This Washington foursome, the object of an abundance of next-big-thing excitement at the onset of its brief career, wasted no time giving off contradictory signals of populist intent and elitist values. Sunny Day Real Estate’s everyman side prompted the band to craft cinematic, emotionally draining anthems redolent of early U2; its obsession with obscurity begat a strident refusal to give songs “proper” titles: Instead, the series of singles that preceded the band’s full-length bow were differentiated only by numerics — “Song #2,” “Song #3″…straight through to an impressively rich pairing (on their own One Day I Stopped Breathing label) of “Song #8” and “Song #9.”
With that mostly (there are songs called “47” and “48”) out of its system, the band recorded the sweeping Diary, an album that’s not nearly as confessional in tone as the title might indicate.

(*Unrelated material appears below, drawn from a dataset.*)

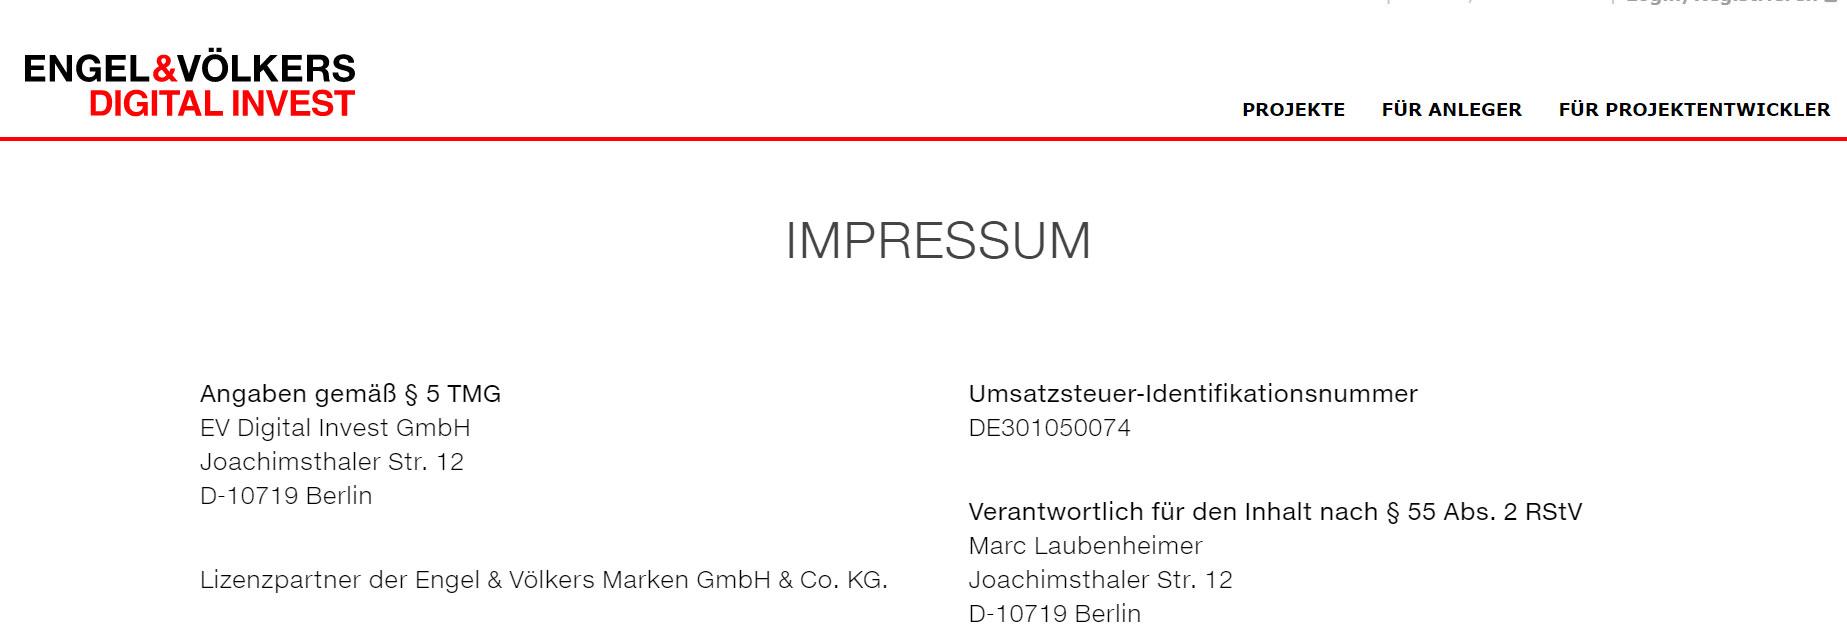 EV Digital Invest GmbH

Still, it’s easy to get lost within guitarist Jeremy Enigk’s mystic excursions: while not even remotely as gifted a singer, he frequently recalls Van Morrison in his phrasing and mantra-like repetition of key couplets (particularly on the steep trajectories of “Seven” and “Grendel”), not to mention the tangibly spiritual subject matter of tracks like “Song About an Angel”). When Enigk announced his conversion to born-again Christianity, the latter aspect began to dominate his songwriting to too great an extent for the other members, and the band split shortly after Diary was released. The second album seems to have been cobbled together from demos and such, an (under-)production value that’s particularly vexing for a band this dramatically inclined. In 1995, bassist Nate Mendel and drummer William Goldsmith joined Dave Grohl and Pat Smear in Foo Fighters.
Whatever is going on in Enigk’s life, his delectable solo debut makes no obvious reference to spirituality of any sort. Following Cardinal’s lead towards a rapprochement with psychedelic ’60s chamber pop by using strings, horns, harpsichord and harmonies, the multifarious auteur (guitar, bass, drums, keyboards and flawed vocals) dabbles in various idioms on Return of the Frog Queen with abundant skill and few specific reference points. (He matches the sound with such quizzically oblique word paintings as “Shade and the Black Hat” and “Lewis Hollow.”) Other than some Beatlisms, the record occasionally suggests how Syd Barrett might have sounded had he been able to mount a full-fledged production effort, but there’s so much else going on here that any sense of nostalgia quickly evaporates. Magical.
Assertion is a trio formed by Goldsmith after a long time away from music.